Marshall 50 watt head - jumpered
Marshall 4x12 with Greenback 20s
1960 Gibson Les Paul
Dallas Arbitar Rangemaster


----------



## 55 Jr (May 3, 2006)

There is no ultimate rig. Only what works best for you.

This works for me:



















Best regards,

Brian


----------



## torndownunit (May 14, 2006)

I kinda like Fender Tweed style amps for blues. I personally prefer Teles. The great thing about the blues is you can play it on pretty much whatever you want though.


----------



## SCREEM (Feb 2, 2006)

this is not the ultimate blues rig, but it works:


----------



## PaulS (Feb 27, 2006)

Howe-n-Harrison said:


> i was wondering what all your guys thots on this
> 
> mine is gibson E335 hooked up to a fender blues deville


should be able to do it with that combo, especially the 335 great for blues, I use a strat or tele with a Ampeg Superjet, works to.


----------



## Welladjusted (Feb 19, 2006)

the best blues tone i've ever heard was a fender fat strat into a fender blues junior.

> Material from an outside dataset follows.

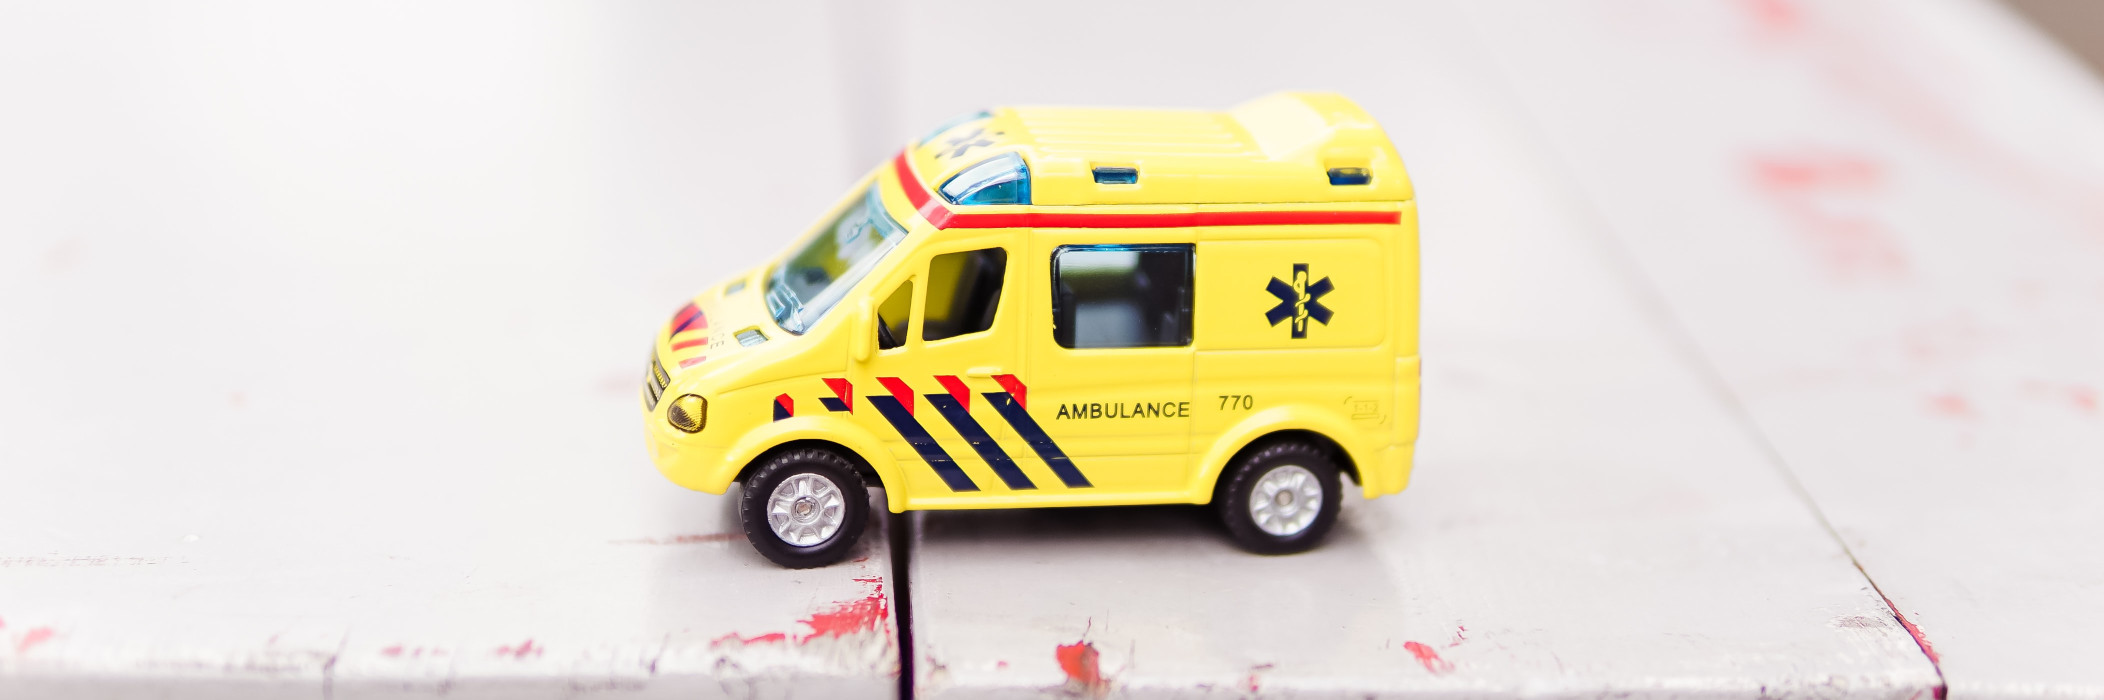 Toy Ambulance Credit Zhen Hu
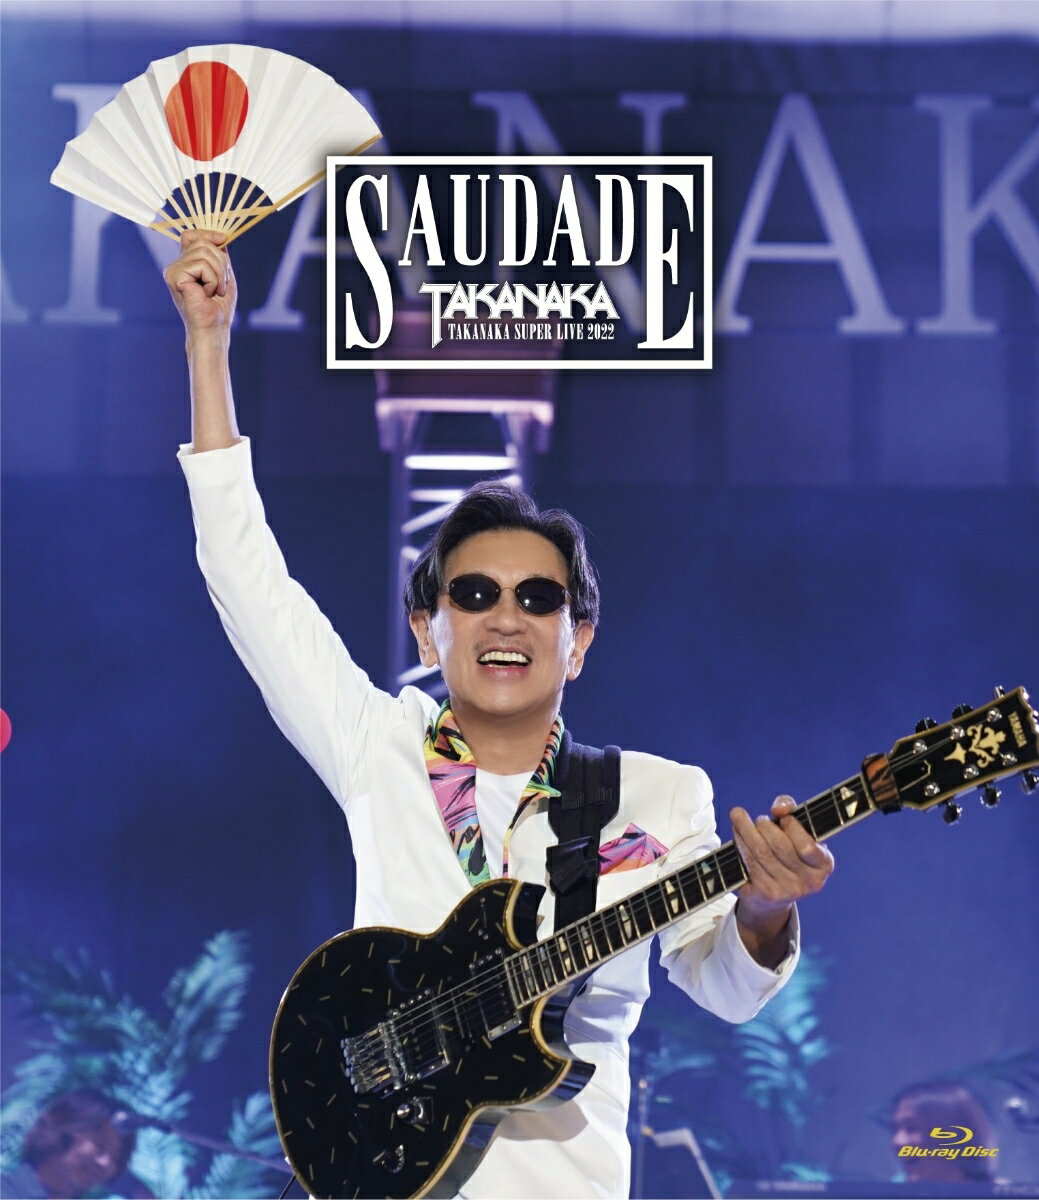 高中正義　TAKANAKA SUPER LIVE 2022 SAUDADE(初回生産限定盤 BD+2CD)【Blu-ray】

of course, the man playing them was jeff healey... still, it was probably the best live tone i've ever heard


----------



## Robert1950 (Jan 21, 2006)

Welladjusted said:


> the best blues tone i've ever heard was a fender fat strat into a fender blues junior.
> 
> of course, *the man playing them was jeff healey*... still, it was probably the best live tone i've ever heard



I'm guessing he had the Blues Jr. modded ,... and I'd love to know what they were.


----------



## Welladjusted (Feb 19, 2006)

it's probably not a difficult amp to mod. a new speaker would probably make a big difference


----------